Monday, September 27, 2010

Cabinet makers

The manner of his victory isn’t going to be the only problem facing Ed Miliband in the next few weeks.  The construction of his shadow cabinet also has the potential to throw a few banana skins in his path.  Appropriately enough, his brother is wielding the slipperiest of all.
 
From David’s perspective, this must all seem like a nightmare.  He resisted sticking the knife into Gordon Brown before the election because he couldn’t see a way of winning the election afterwards – much better to pick up the crown later, and let Brown take the blame.  He also refused a dead cert job as EU Representative for Foreign Affairs, again pinning his hopes on the leadership.  He was the runaway favourite for almost the entire campaign, so much so that he wasn’t prepared to offer the sort of sops to the Unions that might have turned them his way.

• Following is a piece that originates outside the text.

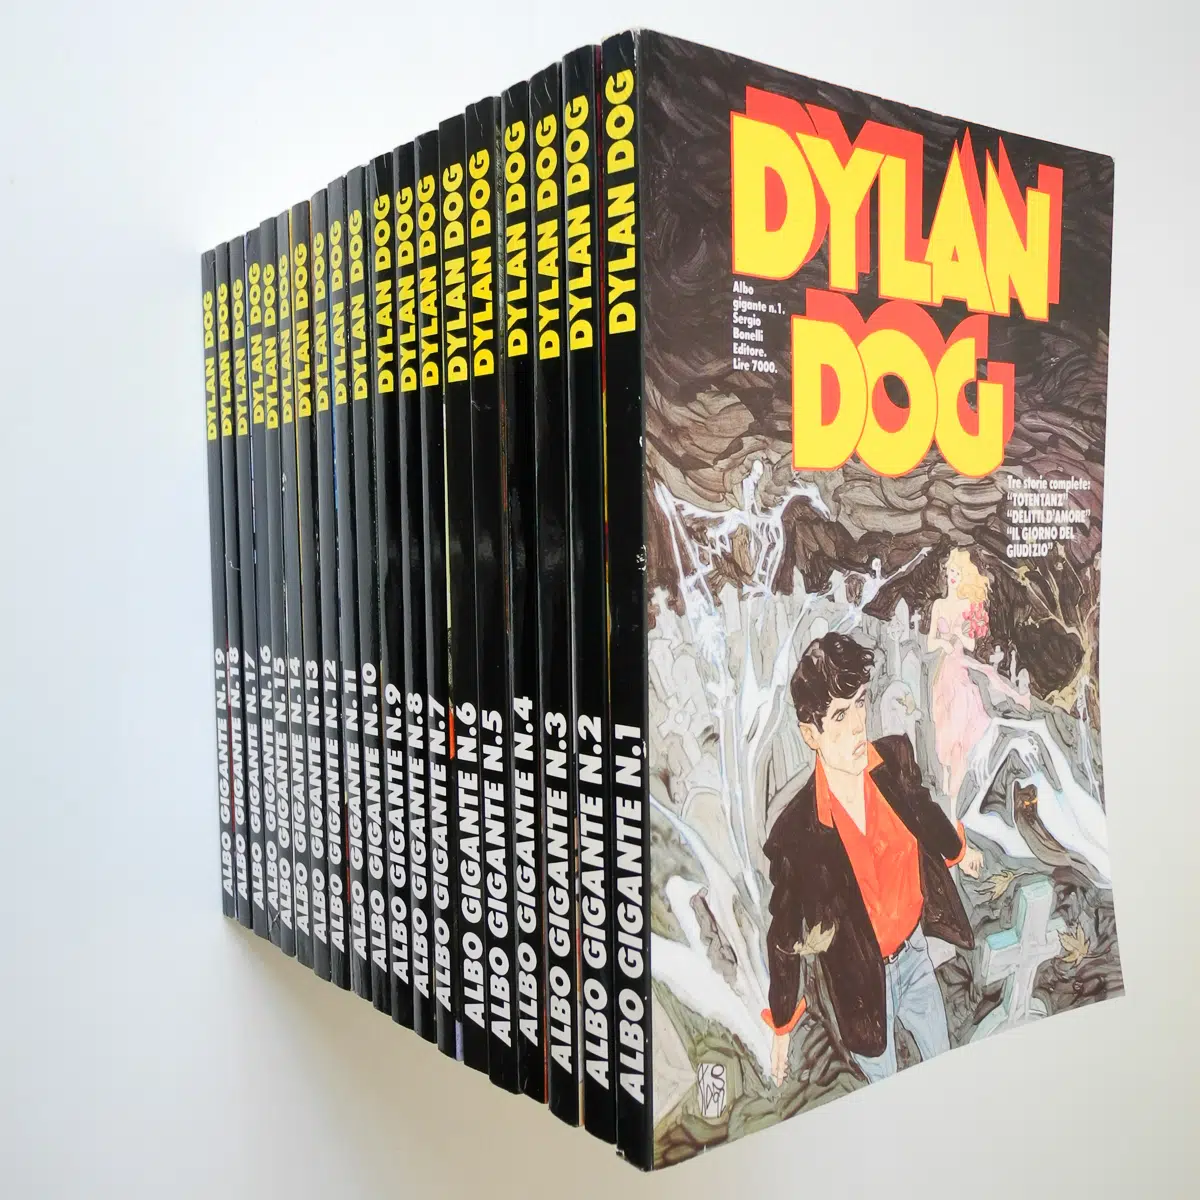 Dylan Dog Albo Gigante n. 1/19 Daim Press/Bonelli

And, surely most difficult of all, he won.  He won the MPs, he won the party, he won virtually every constituency party.  He won everything except the Unions, but that wasn’t enough.  Beaten at the post by his younger brother, that’s really going to sting.
 
He has three options ahead of him: to sign up as a Shadow Cabinet member; to return to the backbenches; or to walk away from British politics altogether. Labour, and especially Ed, must be desperate that he opts for the first: rumours are flying around that he has been offered Shadow Chancellor.  But how attractive would serving in a subordinate position to his brother be – especially when you consider that economics was probably the biggest difference in their campaign positions?  Equally, does he really want to retire to a sort of ‘King over the water’ position on the back benches?  For all the bitterness he must be feeling, Ed is his brother, and David’s presence as a backbencher couldn’t help but be a destabilising influence.  Walking away altogether must be tempting, but there probably aren’t nearly so many lucrative and imposing international jobs as people seem to think.
 
I’m not going to try and predict what he’ll do – this all seems more like an emotional choice than a wholly rational one – but in his position I might be tempted to exploit the fact that his brother now needs him far more than he needs his brother.
 
If Ed can’t persuade David to stay on in cabinet (or if he can, but only in the semi-detached role of Shadow Foreign Secretary), Ed will need to find a Chancellor.  The ‘obvious’ choice would be Ed Balls, who has heavyweight economic credentials (albeit in the ‘persuasive but wrong’ category).  That really would be nailing Labour’s colours to the Brownite ‘Labour investment vs. Tory cuts’ approach, and would mean repudiating Labour’s election position, and alienating moderate Darling-ite MPs – who overwhelmingly voted for David as leader.  Maybe Balls would be better shadowing the Home Office: he’s an effective opposition politicians, and the Home Office is rarely short of targets.  Who for Chancellor then?  His wife perhaps?  She’s certainly competent enough, although she needs to work on her television manner, but there’s another problem (worse is Mili-D is shadowing the Foreign Office).  The four great offices of state would be shadowed by two brothers and two spouses.  That’s quite a shallow gene pool.
 
Perhaps it’s no wonder that Ed Miliband looked quite so miserable while he waited for the results to be read out on Saturday.  He’d realised quite what a pickle he’s in.